If they succeed, IVM could potentially be a positive force for combating climate change. Under the current factory farming system, meat is a major source of global warming, causing methane production and deforestation. With meat-eating on the rise in populous nations like India and China, the world’s meat consumption is expected to double by 2050. IVM takes much less energy, space and resources to produce, potentially satisfying the world’s need for meat at a much lower environmental toll. Supporters also say IVM will be a big boost for local eating, since meat could be made in any location.

IVM could also be a solution to the considerable ethical and public health problems posed by the inhumane and unhygienic treatment of farm animals. Creepy to be sure, but unlike natural meat, IVM is not cruel. PETA, who is offering $1 million to anyone who can produce cheap, chicken-like IVM by 2012, has said it has no ethical objection to meat that’s not a piece of dead animal.

It doesn’t look like PETA will have to pay up any time soon, however.

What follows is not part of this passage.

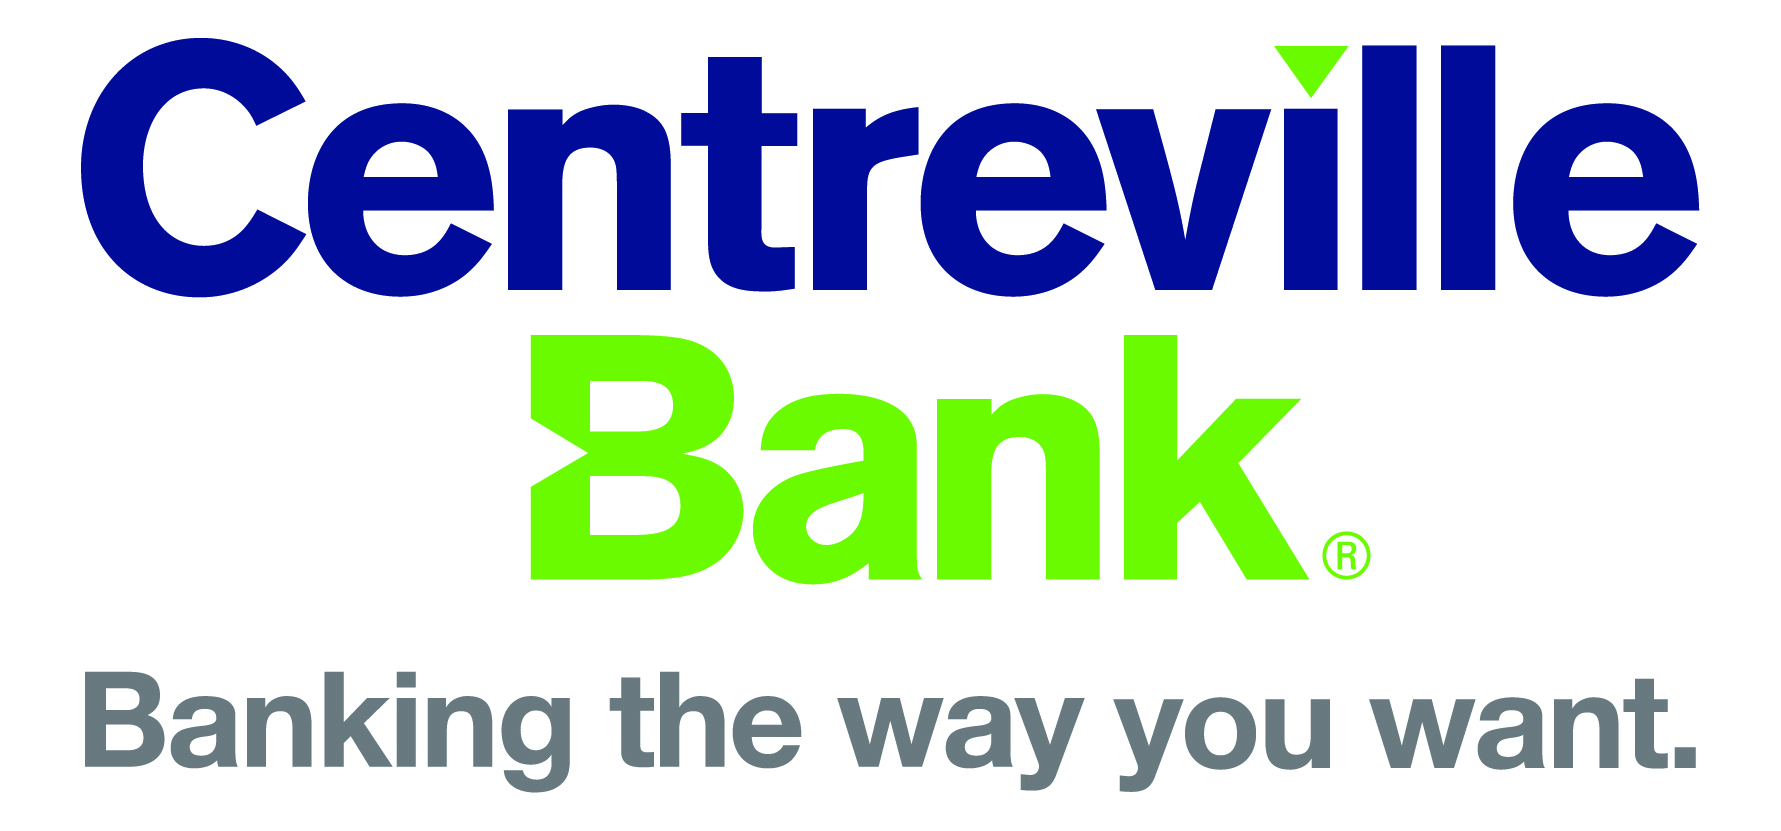 G - Centreville Savings Bank

While The Telegraph reports that we could see IVM ground meat on sale in the next five years, most sources agree that 10 or 15 years is more like it. And that’s just for processed meat. Slabs of IVM steak are even farther off.

Currently, scientists are working with tiny samples of limp muscle called “soggy pork,” attempting to exercise it into a meatlike texture using electric currents. It sounds like Frankenburger is still a long way off, as technology isn’t the only hurdle between IVM and the grocery store either. Last year, Slate put the value of a pound of IVM pork (a theoretical quantity given the minute samples currently in existence) at $45,000 per pound, in light of the expensive equipment and PhD labor needed to bring home the bacon. Cheap and easy large-scale production methods will have to be developed before IVM becomes a serious competitor to natural meat.

If and when that day comes, however, it will mean serious changes. Much like the obstacles we face in the conversion to clean energy, the value of land will change, workers will have to adapt to new occupations, national economies will benefit or suffer. Tough stuff, but such is the price of progress.